To his – and Greengrass’ and Seierstad’s, who wrote the screenplay together – credit, Danielsen Lie never attempts to humanizes Breivik and gives probably the best performance in the film. Especially in his scenes with his lawyer Geir Lippestad (Jon Øigarden). A member of the Labour Party, Lippestad obviously does not agree with Breivik’s actions, but is legally obliged to defend him since Breivik personally requested him and his struggle is, if a tad undercooked, one of the most fascinating aspects of the film. The scenes where Lippestad sits down and talks with Breivik are the only ones where Greengrass comes close to recapturing some of the tension that made his early work in this film sing. In all other parts of the film, his direction feels strangely lethargic, with the two major threads that comprise the films back half – one PTSD-stricken survivor’s (Jonas Strand Gravli) road to recovery and Breivik’s eventual trial – never really coming alive.

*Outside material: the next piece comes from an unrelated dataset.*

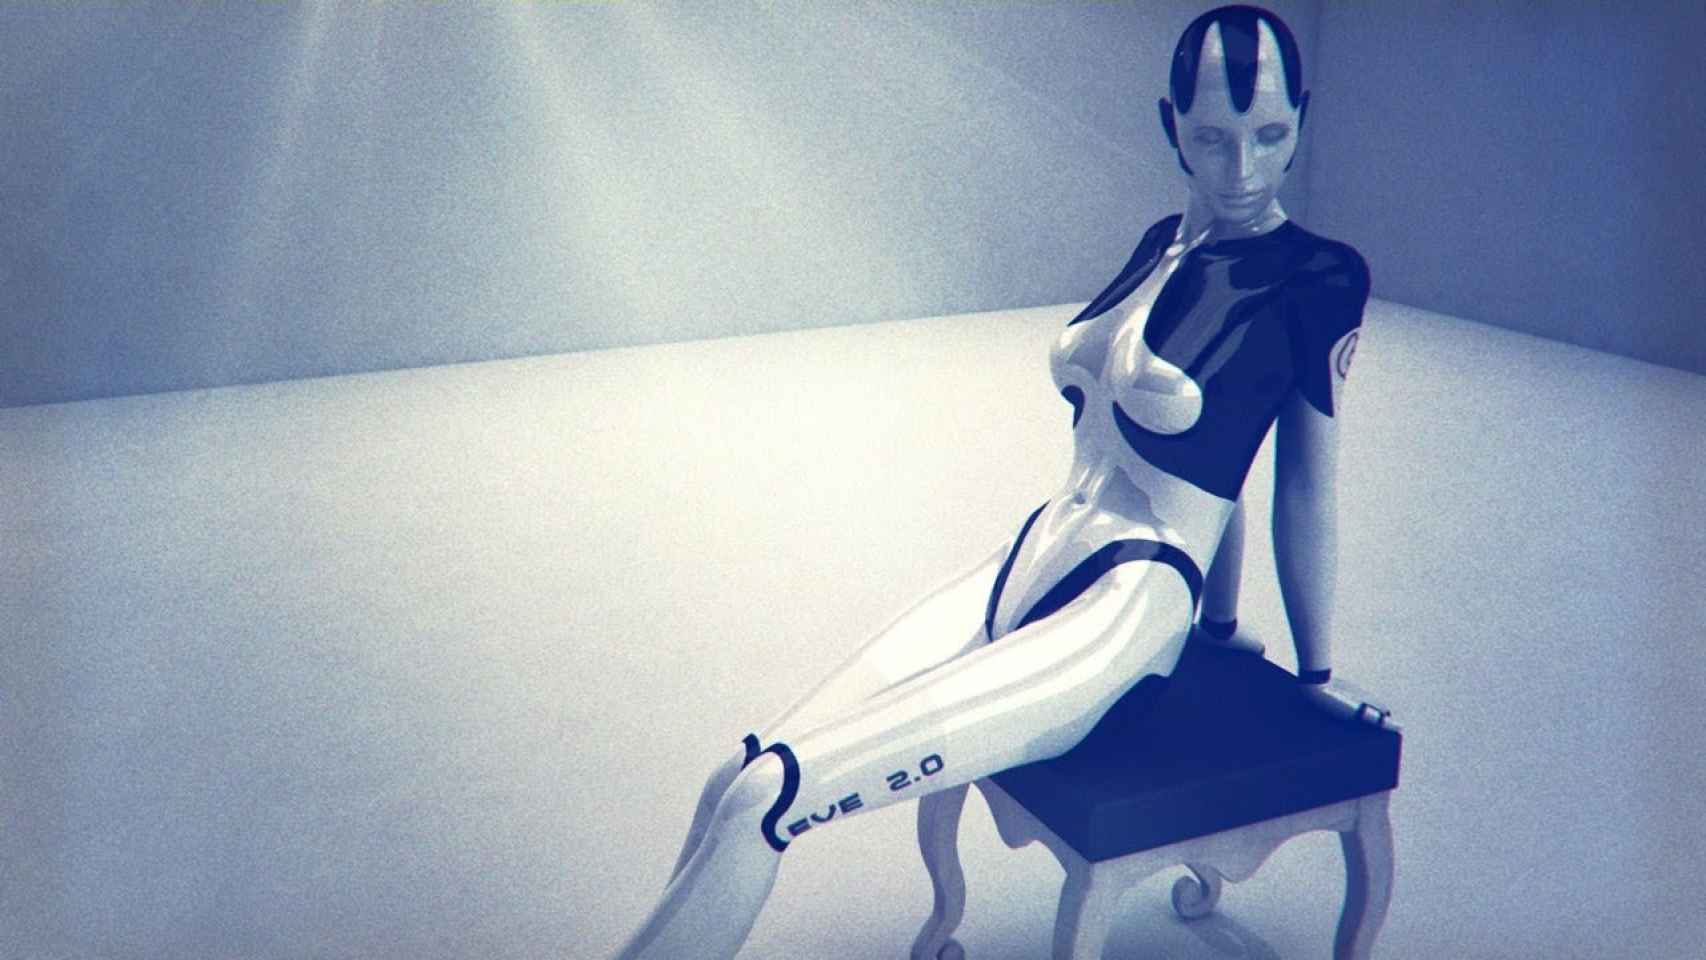 Los robots tendrán derechos

Even if a Greengrass was indeed out-Greengrassed, that didn’t mean there was no way he could make an interesting film out of these terrorist attacks3. There were tons of avenues in these events he could have chosen to explore that would probably have made for a very interesting film, but he neglects all of them. The resulting film doesn’t have anything new to say about the culture from which Breivik came and which caused him to commit these deeds, nor does it say anything about the predicament of the victims or the survivors, nor about that of anyone else involved in the aftermath. Instead, 22 July just lays out events for you over 144 minutes painstakingly slow minutes, without zeroing in on any of it in a meaningful way. 144 minutes you could also spend a fraction of reading the Wikipedia page for the attacks, watching the movie won’t give you any more insight than that would.
- Which, as far as I know, has no set release date for the United States at this moment.
- Who recently starred in the French zombie film The Night Eats The World, which I can highly recommend.
- Of course, it’s worth asking the question if you even should make a film out of events such as this, but that’s a whole article in itself.